**Data records**
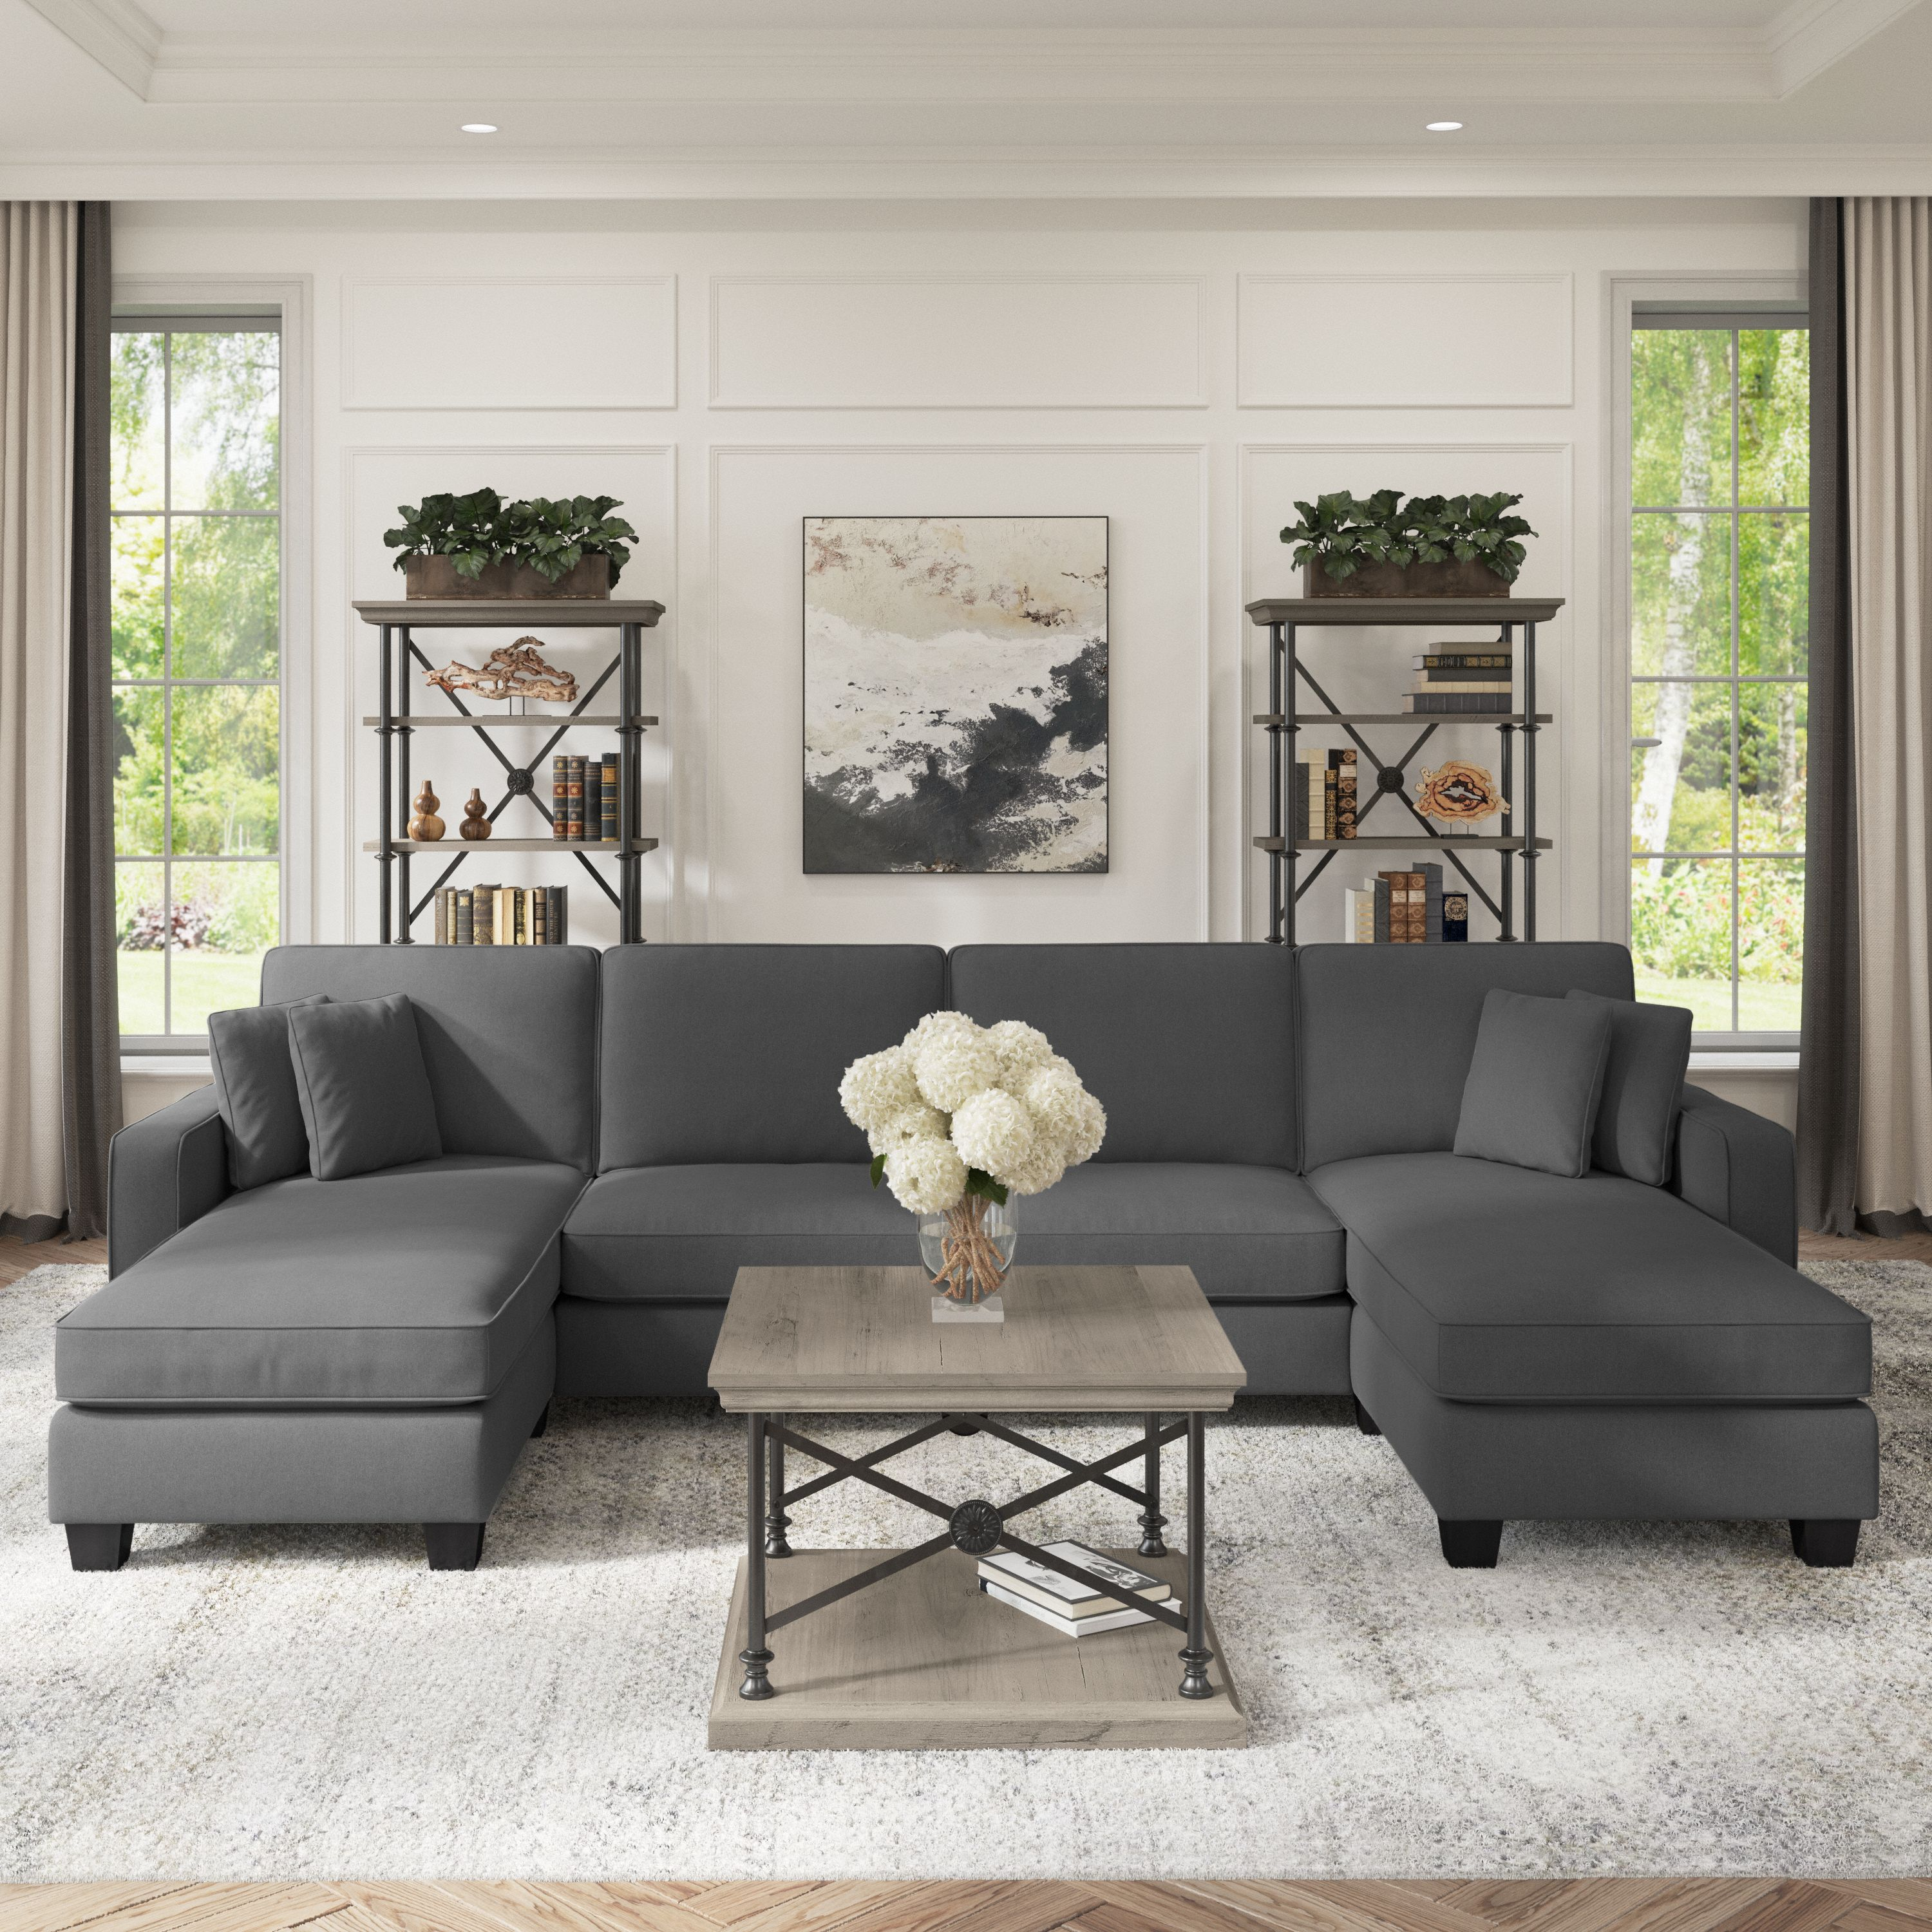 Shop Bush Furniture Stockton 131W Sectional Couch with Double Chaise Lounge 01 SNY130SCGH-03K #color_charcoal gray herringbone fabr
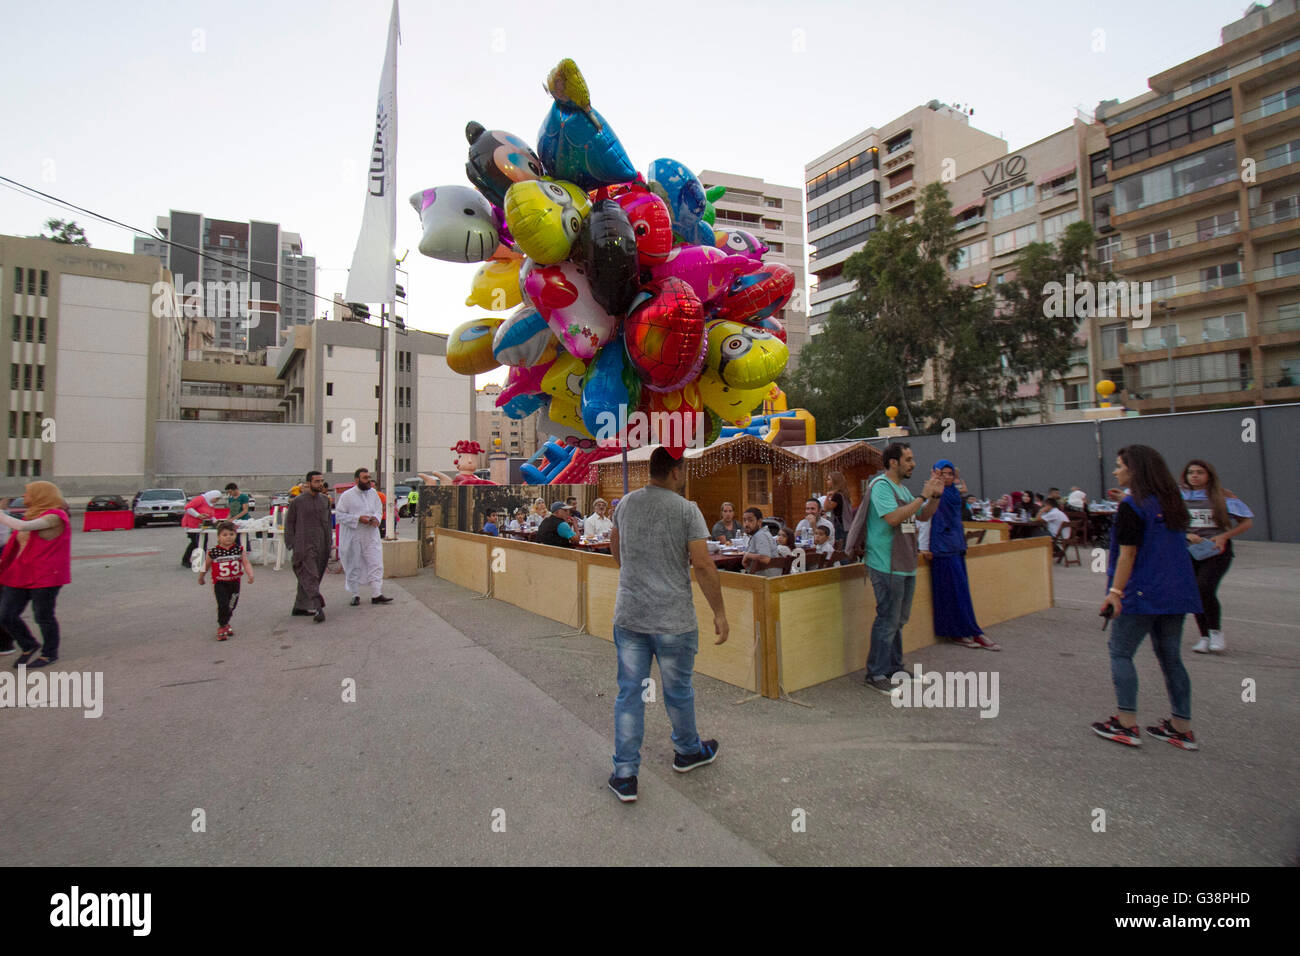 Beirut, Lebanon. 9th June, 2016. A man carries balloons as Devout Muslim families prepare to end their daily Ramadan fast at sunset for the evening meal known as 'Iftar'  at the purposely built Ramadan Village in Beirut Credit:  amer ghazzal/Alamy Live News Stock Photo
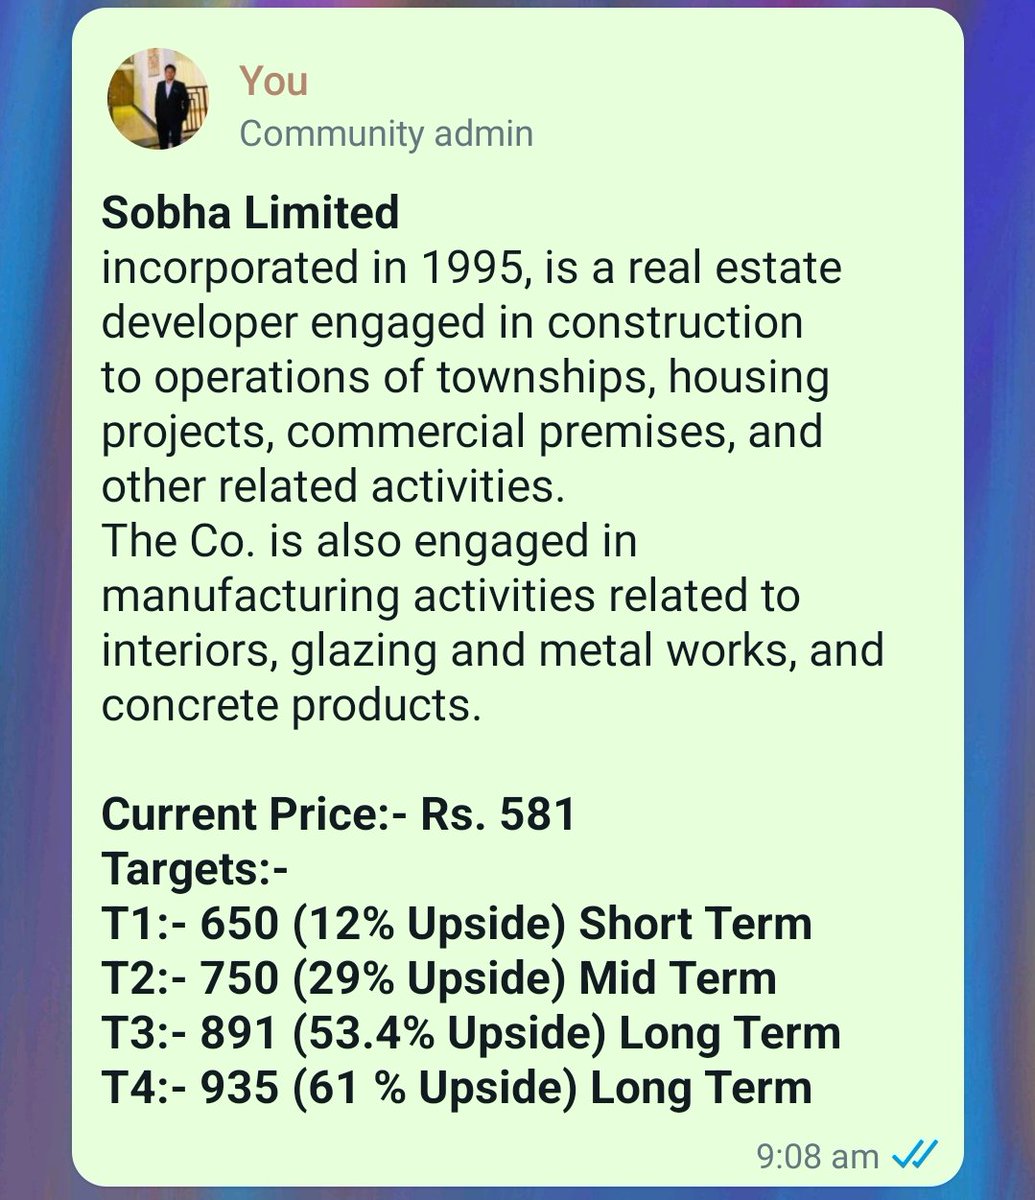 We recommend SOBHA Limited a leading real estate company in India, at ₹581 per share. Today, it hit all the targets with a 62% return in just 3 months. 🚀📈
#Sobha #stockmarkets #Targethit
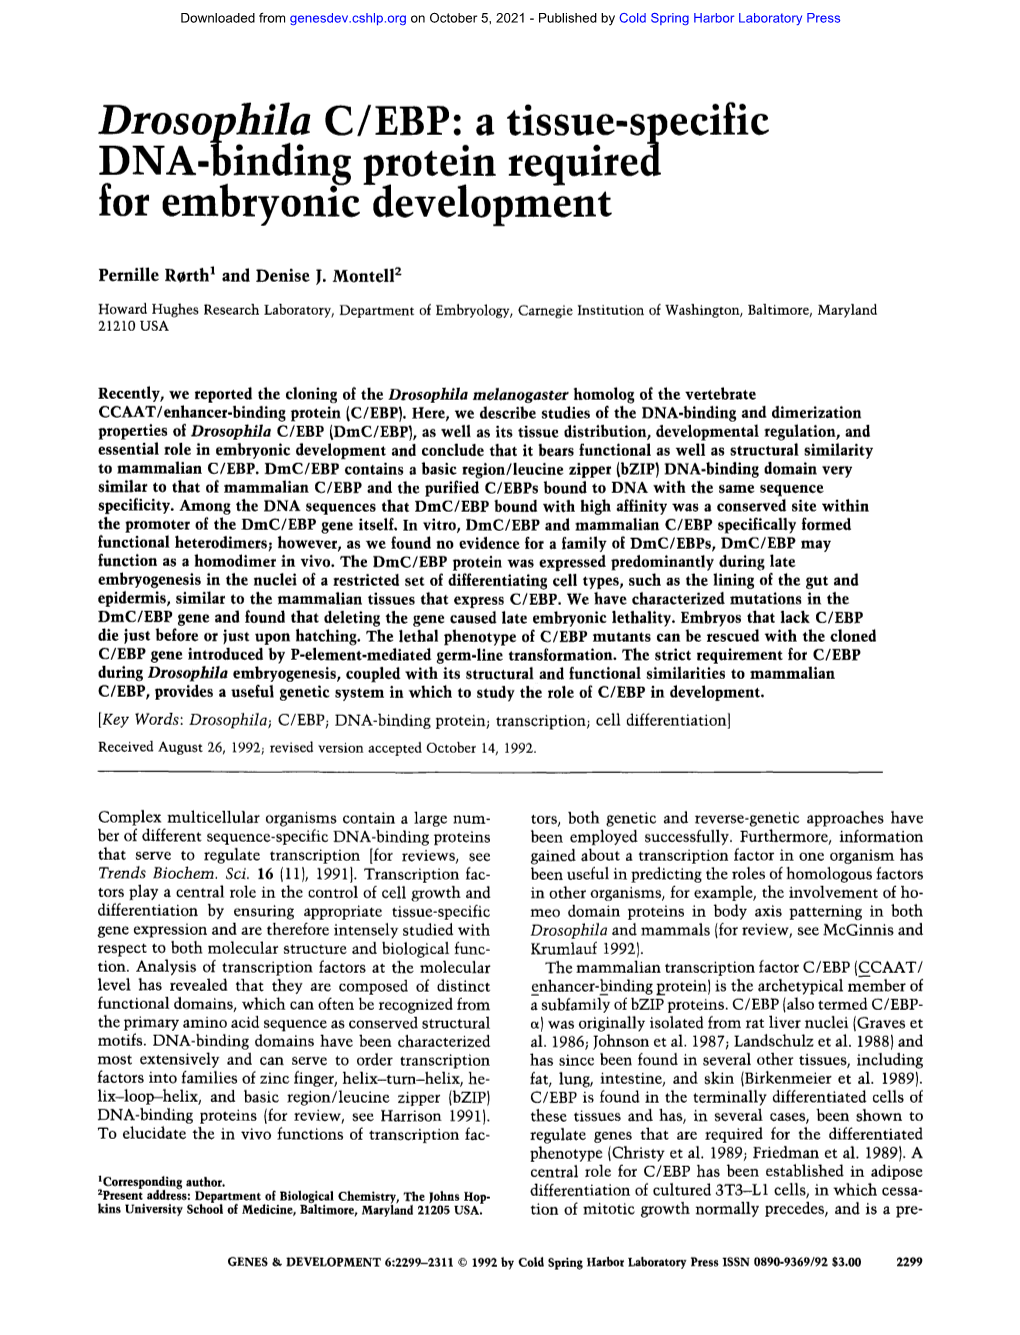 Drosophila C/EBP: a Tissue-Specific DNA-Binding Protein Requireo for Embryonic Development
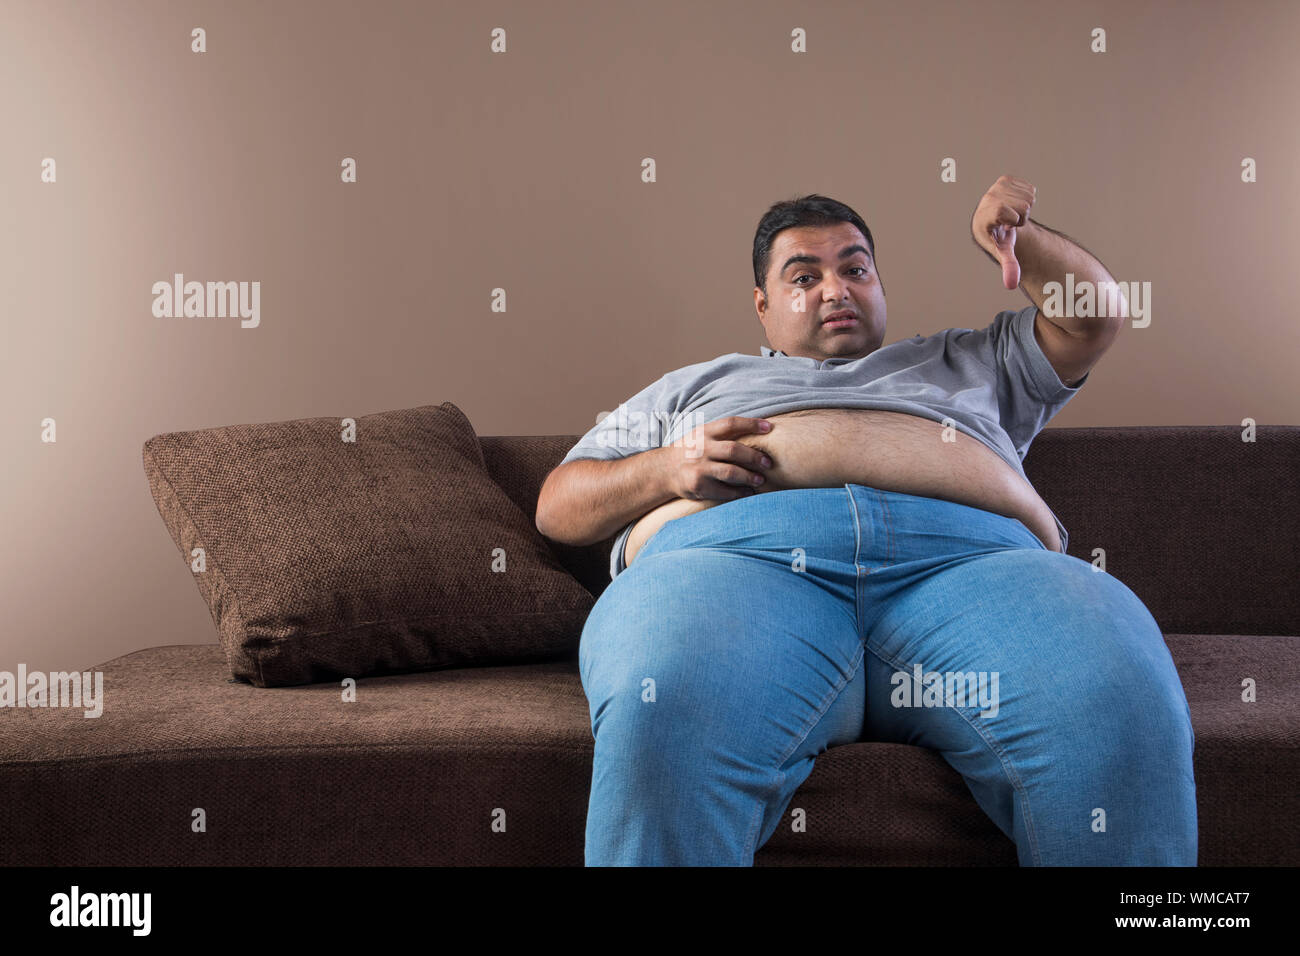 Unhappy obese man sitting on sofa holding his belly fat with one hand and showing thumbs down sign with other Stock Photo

**Task to carry out**
All of the data is to be reproduced exactly, with the pictures left out.

**Final answer**
 Shop Bush Furniture Stockton 131W Sectional Couch with Double Chaise Lounge 01 SNY130SCGH-03K #color_charcoal gray herringbone fabr
 Beirut, Lebanon. 9th June, 2016. A man carries balloons as Devout Muslim families prepare to end their daily Ramadan fast at sunset for the evening meal known as 'Iftar'  at the purposely built Ramadan Village in Beirut Credit:  amer ghazzal/Alamy Live News Stock Photo
 We recommend SOBHA Limited a leading real estate company in India, at ₹581 per share. Today, it hit all the targets with a 62% return in just 3 months. 🚀📈
#Sobha #stockmarkets #Targethit
 Drosophila C/EBP: a Tissue-Specific DNA-Binding Protein Requireo for Embryonic Development
 Unhappy obese man sitting on sofa holding his belly fat with one hand and showing thumbs down sign with other Stock Photo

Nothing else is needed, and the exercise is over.